I have this bad habit...one that I keep thinking, with prayer, will go away never to resurface.  It's a habit that I don't have a clue of it's origination.  God is my provider and in Him I truly trust so I don't know why this habit ever surfaces!  My cup runneth over most of the time and if it's not it's half full, but never half empty.  I'm not gloating or boasting, I just know that I know that I know that God IS who He says and He DOES more than enough for me.

I'm an extremely happy person who feels so blessed in her life.  I love God, and desire to serve Him to the best of my abilities.  I have a loving family who cares deeply for me.  I have great friends whom I can talk to about anything, laugh with, joke with, and irritate from time to time.  I have a fabulous dog, named Jasper whom I ADORE!!  He's my baby :)  I even got teary eyed last night (and as I type this) thinking about the lifespan of a lab (7-9 years) and already know how much I will miss him!  I have so much that fills my life with goodness; God, a good job, family, friends, roof over my head, and an awesome support system in my church.
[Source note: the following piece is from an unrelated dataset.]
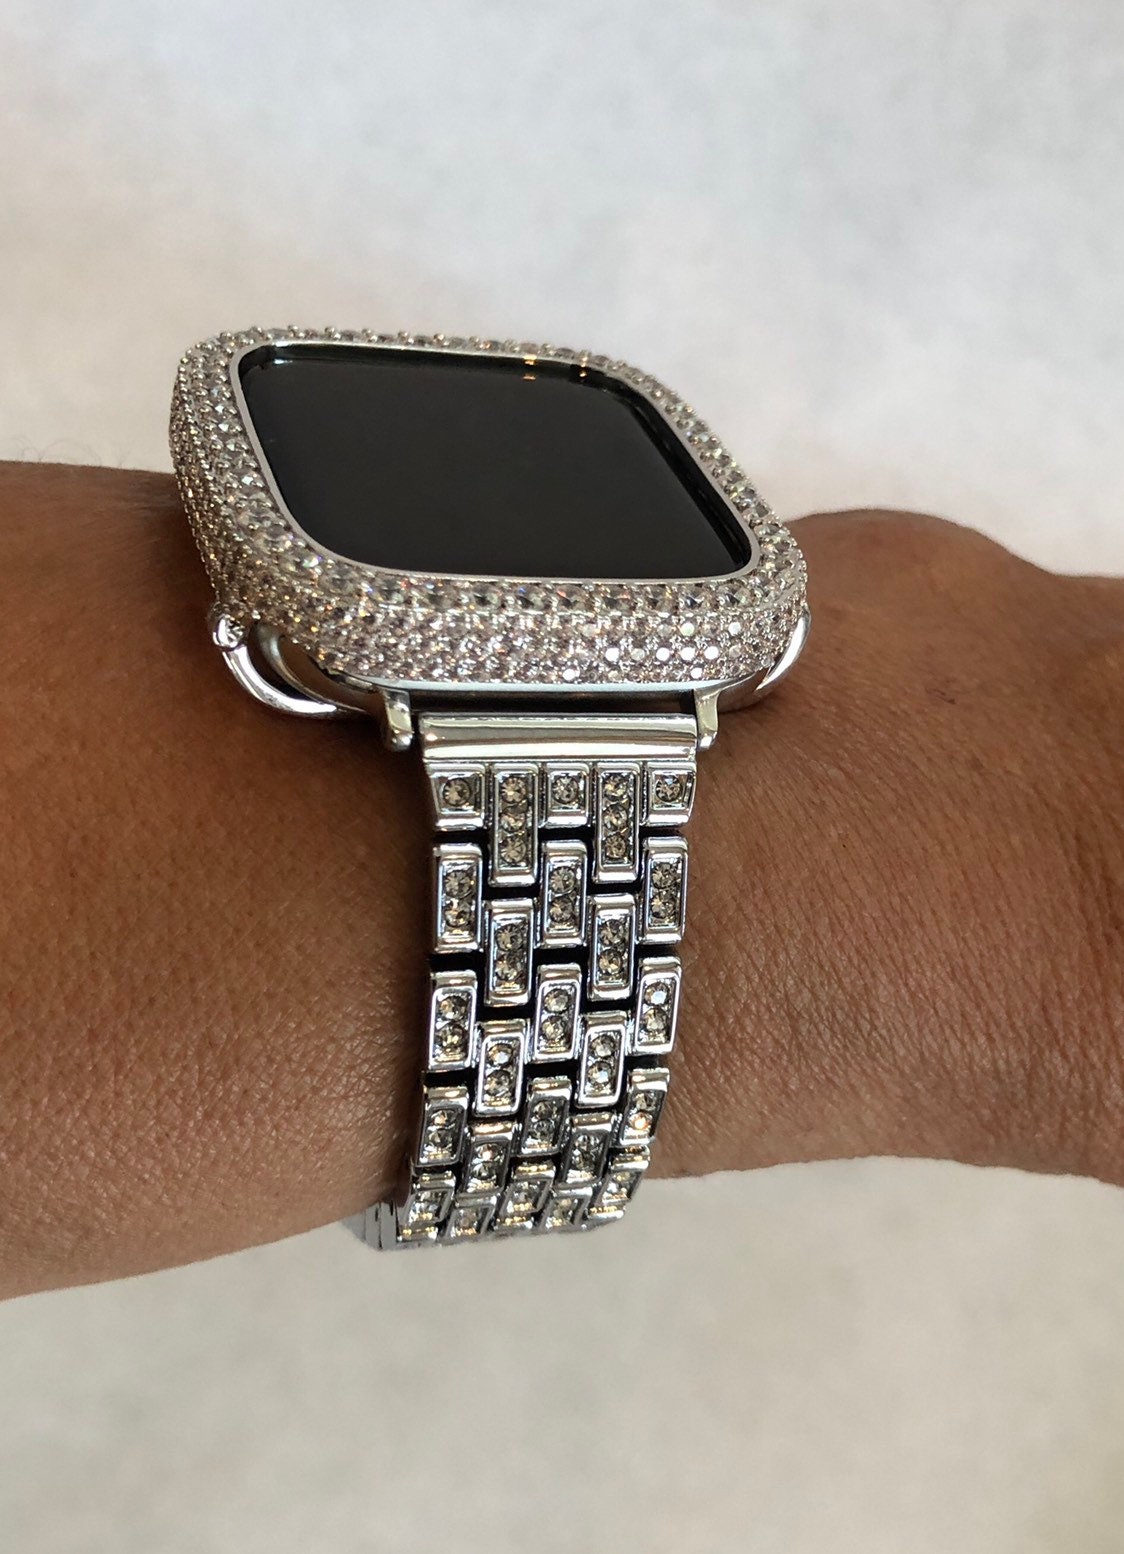 Silver Apple Watch Band 38mm-44mm Series 6 and or 2.5mm Lab Diamond

But, never fails...every 3 to 4 years (since I've been out of high school and on my own) I have this terrible habit of being bored with my life and having no clue what or where I'm supposed to be.  Usually during these times I am very spontaneous, or I am easily angered (so unlike me), or I do stupid stuff, or I pick up and move.  This state of mind is very unsettling and it DRIVES ME CRAZY!

Let's have a break down:
  • 1997 graduated high school
  • 1998 moved to Mtn. Home w/college roommates, two semesters later in 1999 I move back home, college roommates transferred
  • 2000 moved back to Mtn. Home into an apartment...that same year had to move because apartment mgr said I was going & doing too much running when I should be saving money!
  • 2000 bought my first little home (cutest little mobile you ever saw!) and stayed in Mtn. Home, even changed my residency to Arkansas.  I know, I was a traitor to my Missouri roots :)  hahaha
  • 2002 proposed to right before Thanksgiving and he left me a month later to marry some other chick! Don't even get me started!
  • 2003 just up and decided I wanted to sell out and move home, in with my sister, so I could go back to college and finish
  • 2006 yes...took me 9 years, but I finally graduated with my Bachelor's degree
  • 2007 finally decided that it was time for me to be in my own home again, so I bought my second cute little mobile home - this is where I currently reside and someone needs to buy it because it's a dandy little house!
  • 2011 very fortunate to have the opportunity to purchase a place where I've always wanted to live - will be moving there in a few months
  • In between those years I had four different jobs; the fourth one is where I'm at now and plan to be for a very long time; Lord willing of course!  I'm very settled in the career field.  I lurve my job :)  But the life field, uhhhh not so much!
**goodness, no wonder I don't remember what I did during those years....I was moving all the time!  oh yes, my lovely mother who I love so much reminds me how many times they've helped move me in my adult years!** 

So, in case you're wondering, it's been 4 years this August since I moved the last time, as you can see by the rough timeline.  This spontaneous, bored, and unsettled state of mind has once again resurfaced.  This time it was weird though.  Usually it slowly creeps in and is a slow process to surface.  This time something sparked it and ignited it like a wildfire....causing it to hit me like a ton of bricks!  I'm happy with life so I haven't a clue why I'm so unsettled and why it comes around every 3 or 4 years.  I sure hope this routine isn't like the 7 or 13 or 17 year cicadas..whichever it is..because their buzzing, like the state of mind I'm in, is very annoying!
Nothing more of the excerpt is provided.